Archive for the ‘I’m Just Saying’ Category
Cops hear all sorts of wacky comments during the course of their careers. And they’d love to return a few snarky comments of their own. However, they hold their tongues (in most instances). But wouldn’t you love to hear what’s going through their minds when someone says…
1. It’s always nice to hear updates about friends and family members who are or were police officers, but to name-drop during a traffic stop is not all that impressive. Unless, of course, the name you’re dropping is your own and that you’re mother or spouse of the officer who pulled you over. That’s the only time you might see a favorable response, though. Therefore, Cousin Bertha, your signature goes right there.
2. Cops truly appreciate the fact that you pay taxes and that a miniscule amount of your hard-earned dollars go toward their salaries. However, they, too, pay taxes, which, by the way, pays for the roads you travel, the schools attended by your kids, along with a miniscule portion of their own salaries (does that mean cops are actually self-employed?). So thank you very much.
3. Thank you for screaming into my face that your uncle’s sister’s cousin on her daddy’s side of the family used to be the sheriff over in Doodlebop County. I wonder if he’d be impressed to learn that you’ve just beaten your wife and kids?
4. I know…you only had two beers. I also know those two beers were probably the chaser you consumed after gulping down an entire fifth of Jack Daniels. And don’t think I can’t see that bag of weed sticking out of your pants pocket, you dumbass.
5. You only stopped me because I’m white, green, black, blue, brown, or purple. That’s right, Sparky. The fact that you were driving 180 mph in a school zone had nothing to do with it. And, of course, my powerful x-ray vision allowed me to see through your nearly black (tinted) windows so I could zero in on your skin color. Sign here, please.
6. You’re gonna have my badge? Okay, here. Take it. Because I’m tired of dealing with assholes like you every day of my life.

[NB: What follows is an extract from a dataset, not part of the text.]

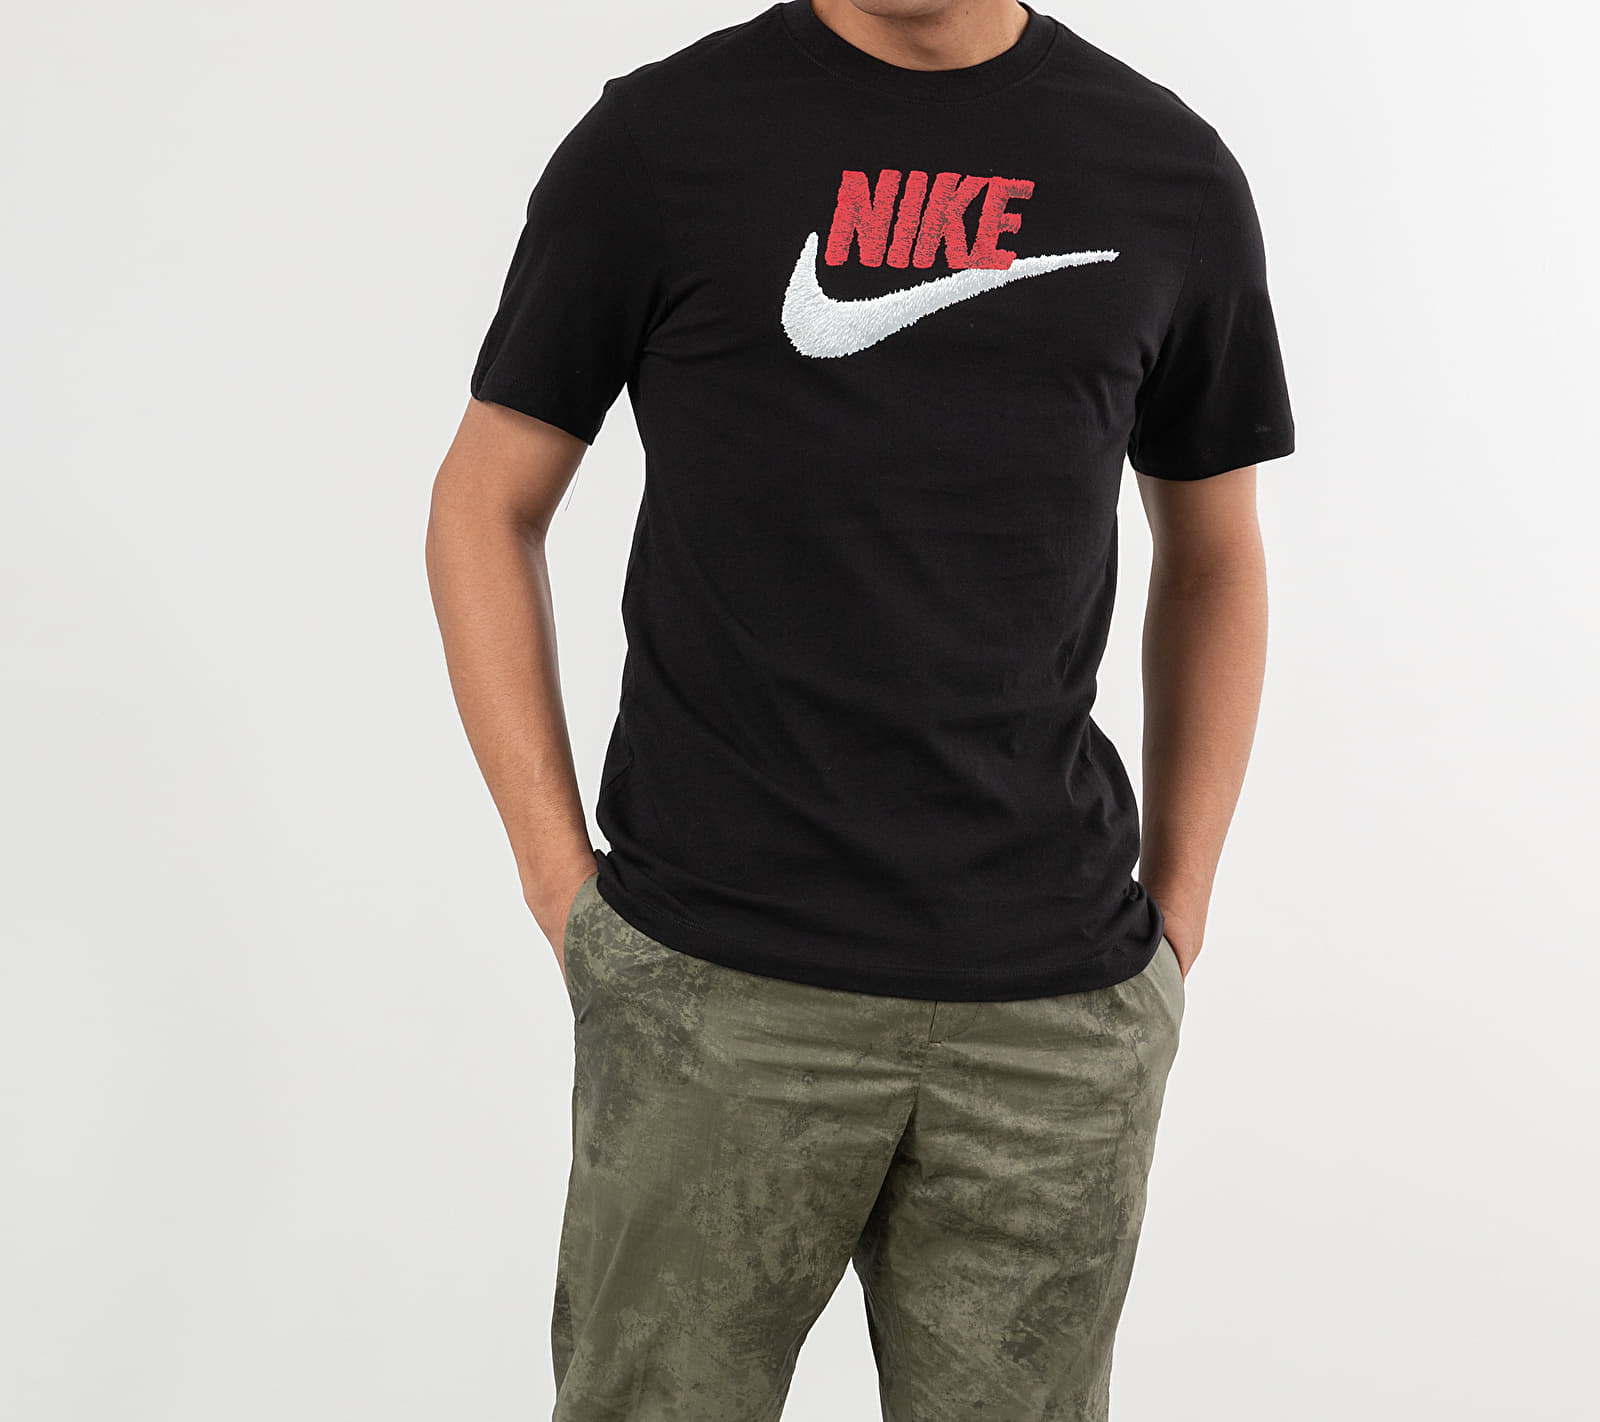 Nike Sportswear Tee Black/ University Red/ White S-T
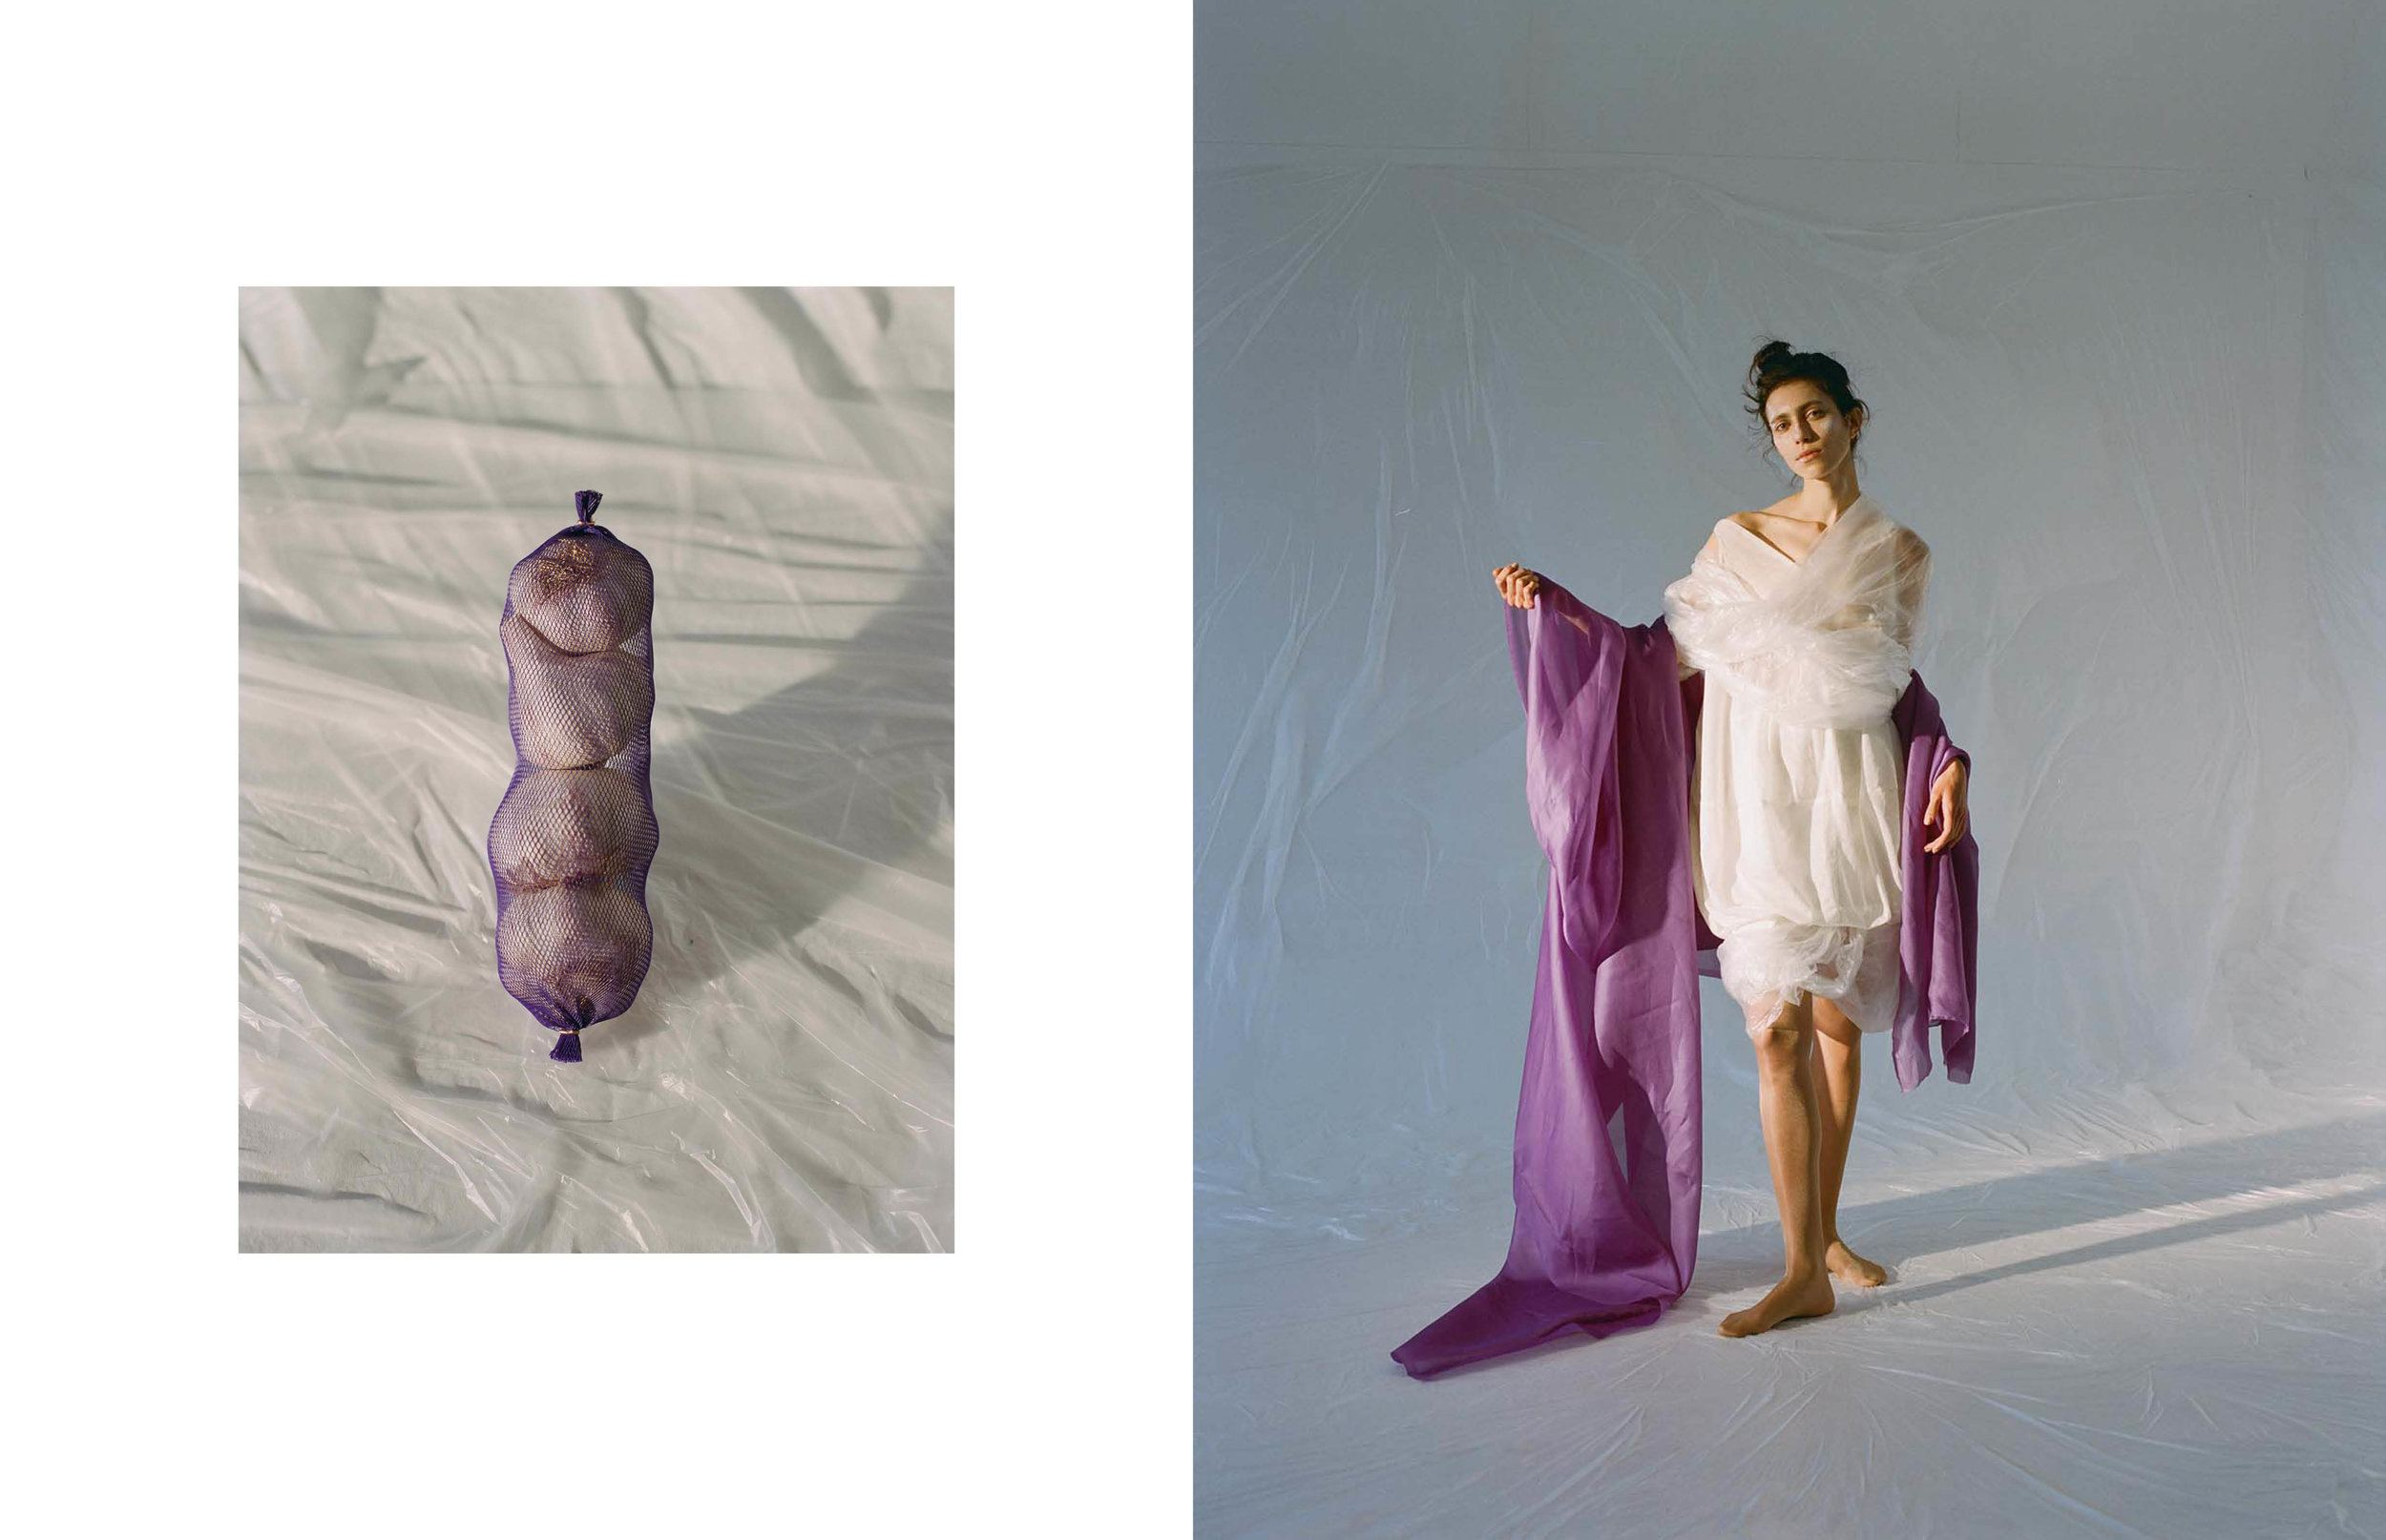 IGNANT-Photography-Olga-de-la-Iglesias-2

7. You’ll see me someday when I’m not wearing my uniform… What does that mean? You want to fight me when I’m off duty? But I just saw you in the grocery store yesterday. Remember? You smiled and called me “sir” when you introduced me to the wife and kids. I did happen to notice your cart was pretty heavy, though, with all that beer. Perhaps you’ve been possessed and it’s King Budweiser who’s speaking through your lips right now.
8. But everyone else was speeding faster than you, you say? I know, but I’m like a lion. I pick the slowest and weakest in the herd. They’re much easier to catch.
9. Stop disrespecting you? Gee, you’re absolutely right. I should take you more seriously as you stand there drunk as a skunk with a big wet urine spot in the crotch of your pants while you so kindly spit in my face. The puke on the front of your shirt and your piece of crap car sitting in the middle of that nice lady’s living room definitely commands tons of respect. Now let’s go…“Sir.”
10. I’m sure you do know your rights, ma’am, but peeing in the back seat of my patrol car is not one of them.
Make no mistake about it, to serve time in state prison is no picnic. Inmates are confined in small spaces with some of the most dangerous people in the country—gang-bangers, murderers, robbers, etc. Prisoners often suffer violent assaults and brutal rapes. They’re sometimes beaten, cut, stabbed, and killed by other prisoners, and sometimes corrections officers and other staff members step over the line to deliver physical and mental abuse. So yes, prisoners have a tendency to become hardened…to the very core of their being.
We’ve all heard tales of prisoners fabricating weapons from almost anything they can get their hands, such as knives made from ink pens and swords or spears made from rolled and stiffened newspaper. But there’s one extremely deadly weapon you never hear about, and it, this life-threatening and brutal device, is the center of a California lawsuit. Warning, this gets ugly… (note the intense level of sarcasm).
A prison inmate who’s serving time at the state prison in Vacaville, California has filed a lawsuit in state court claiming he was the victim of a rubber band assault on Nov. 9, 2012. The prisoner, Michael Aaron Witkin, states in his affidavit that a prison librarian launched at least 10 rubber bands at him while he was inside the library. His claim went on to state that she (the librarian) even giggled almost uncontrollably during her “vicious” rubber band attack. Finally, Witkin said the rubber bands were large and could leave a painful sting. Poor baby…
*A quick search discovered a Michael Aaron Witkin who’s serving time at the Solano State Prison in Vacaville. This Michael Witkins was previously arrested for attempted murder (shooting a woman several times), pistol whipping another individual, resisting arrest, possession of a firearm by a convicted felon, robbery, and illegal possession of hydrocodone and marijuana.
Since the aforementioned Michael Witkins is the only Michael Witkins listed as serving time in the Vacaville prison, well, it might be okay to assume this is the same Michael Witkin who filed the previously mentioned lawsuit. If so, I’m quite certain his victims would have preferred that he’d used rubber bands instead of an actual gun during his assault on them.